Développement et applications de méthodes de drug design et de criblage in silico

Informations générales
Nom
Montes
Prénom
Matthieu
Diplôme
Thèse
Année
2007
Détails de la thèse/HDR
Jury
Dmitri Kireev
Michael Nilges
Christiane Garbay
Michèle Reboud
Jean-François Zagury
Directeur (pour les thèses)
Bruno Villoutreix
Résumé en français
Les méthodes de criblage in silico basées sur la structure du récepteur sont utilisées pour faciliter la découverte de nouvelles molécules à visée thérapeutique.

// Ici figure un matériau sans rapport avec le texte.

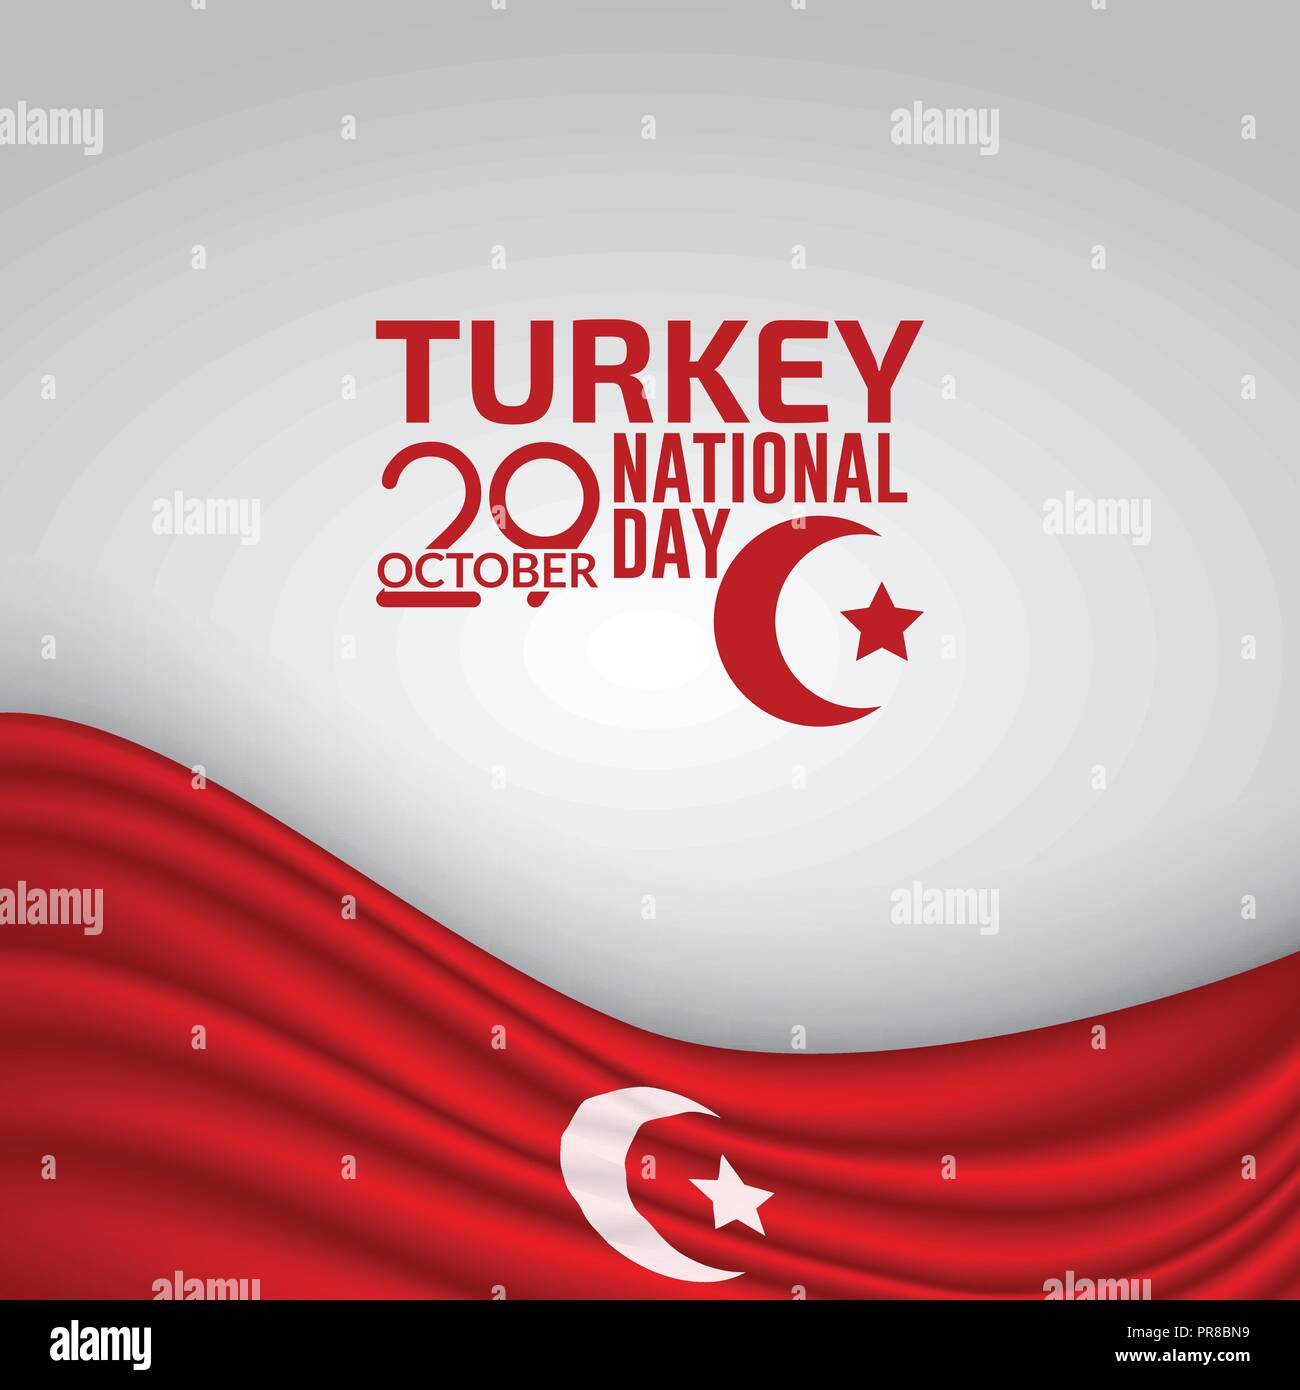 Turkey Independence Day Flag Vector Background Illustration Stock Vector

En utilisant différents outils de docking/scoring, nous avons optimisé un protocole de criblage hiérarchique développé au laboratoire. Ce nouveau protocole a été validé et optimisé pour différentes protéines aux propriétés structurales et physicochimiques très diverses puis appliqué sur deux cibles ayant un rôle déterminant dans différents cancers, la phosphatase à double spécificité CDC25 et le protéasome 20S. En utilisant des chimiothèques filtrées ADME-tox et préparées pour ces projets, nous avons identifié de nouvelles molécules actives sur ces cibles réputées difficiles. Ces inhibiteurs prometteurs ayant une activité in vitro de l’ordre du micromolaire, actifs sur cellules et possédant des squelettes novateurs et optimisables constitueront une base intéressante pour le développement de nouveaux médicaments à visée antiproliférative.